As the helicopter unsuccessfully attempted to land near the house, a canoe was knocked off a boulder and damaged. Giancola also claimed that a beehive was toppled. He testified that in attempting to land, the helicopter reached an altitude much lower than before, approximately 30 to 40 feet above the ground.

After landing in a nearby field, the air crew joined the ground crew. When asked by Trooper Mitchem about the other individual who had been observed from the air, Giancola replied that his wife had walked to the neighbor’s house where he had taken the child. This information was inconsistent with the direction in which the air crew observed her disappearing into the woods.

Deputy Galusek remained with Giancola while the adjoining woods and fields were searched. Galusek made certain that the handcuffs were not too tight, and at one point unlocked them to allow Giancola to remove the uncomfortable beekeeper coveralls. At Giancola’s request, Galusek twice accompanied him inside the house for something to drink.

Hughes was eventually located in a search of the surrounding woods and was escorted to the house. The handcuffs were removed from Giancola shortly after she arrived. Since no marijuana was discovered, the officers departed.

Plaintiffs subsequently filed this suit seeking relief pursuant to 42 U.S.C.A. § 1983 (West 1981) and various state law causes of action. On appeal, Plaintiffs have failed to argue either the merits of the state law causes of action, or that these claims can survive if summary judgment was proper on the section 1983 claims. Consequently, the state law claims are deemed abandoned.

II.

Plaintiffs have named as defendants a combination of federal, state and county law enforcement officers in their individual and official capacities. However, since section 1983 reaches only those acting under color of state law, the liability of the federal officers, if any, must be pursuant to Bivens v. Six Unknown Named Agents of Federal Bureau of Narcotics, 403 U.S. [550]*550388, 91 S.Ct. 1999, 29 L.Ed.2d 619 (1971).
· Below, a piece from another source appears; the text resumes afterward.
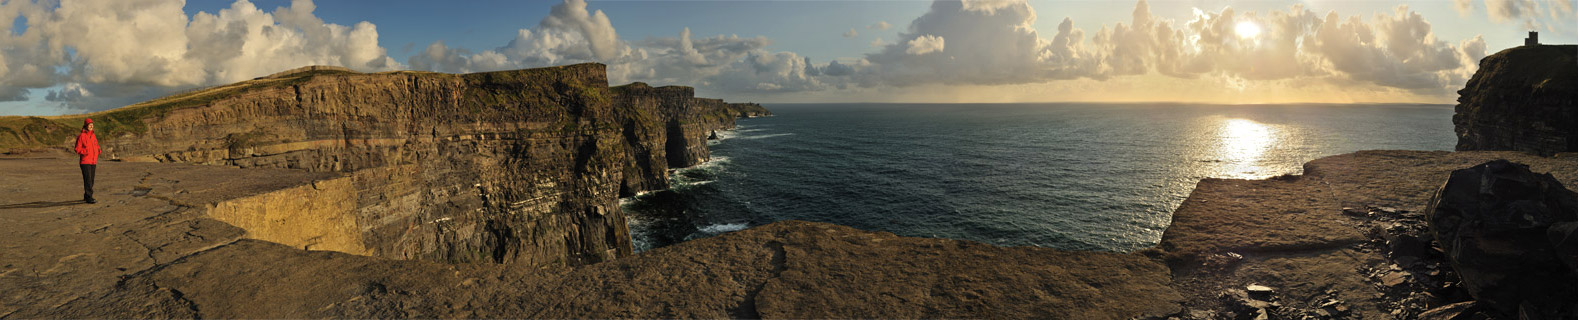 Panorama - Cliffs of Noher - Irland

Because the district court addressed the merits of all claims, the allegations against the federal officials will be treated as if they were properly pled Bivens claims.
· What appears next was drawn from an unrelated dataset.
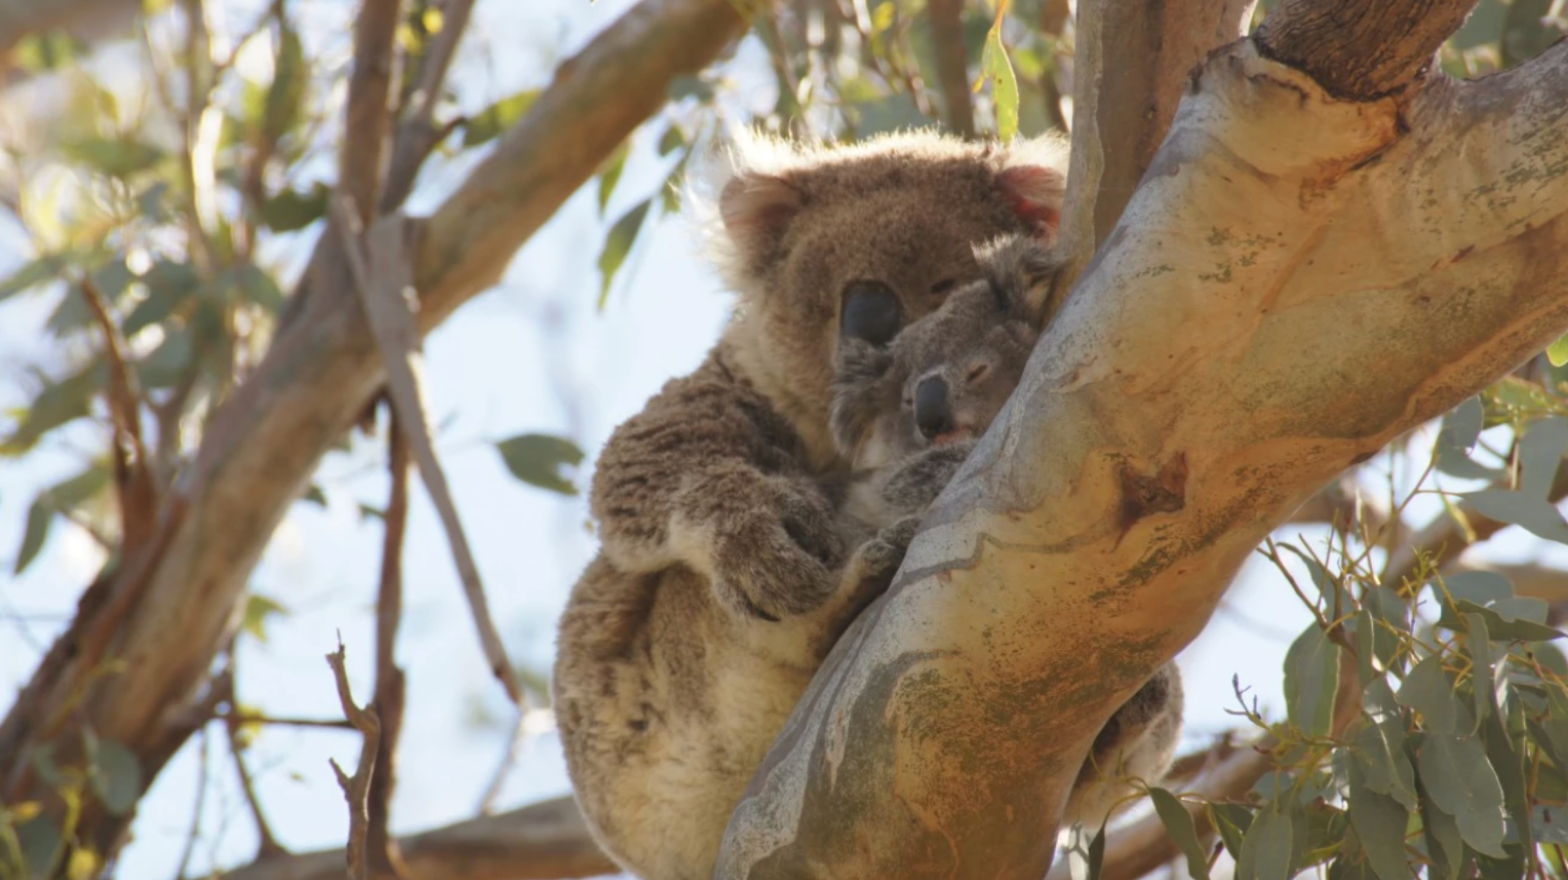 Save the koalas

The claims against the officers in their individual capacities seek damage awards against the officers personally. In response to these claims the officers have raised the defense of qualified immunity. Harlow v. Fitzgerald, 457 U.S. 800, 818, 102 S.Ct. 2727, 2738, 73 L.Ed.2d 396 (1982). Qualified immunity shields the officers from awards of damages if their conduct did not violate clearly established statutory or constitutional rights of which a reasonable person should have been aware. Furthermore, the Supreme Court has recently held that an officer is entitled to summary judgment if a reasonable officer could have believed that the search comported with the fourth amendment, even though it actually did not. Anderson v. Creighton, —U.S.-, -, 107 S.Ct. 3034, 3038, 97 L.Ed.2d 523 (1987).

On the other hand, the claims against the officers in their official capacities are claims against the entities for which the officers were acting. Kentucky v. Graham, 473 U.S. 159, 165, 105 S.Ct. 3099, 3105, 87 L.Ed.2d 114 (1985).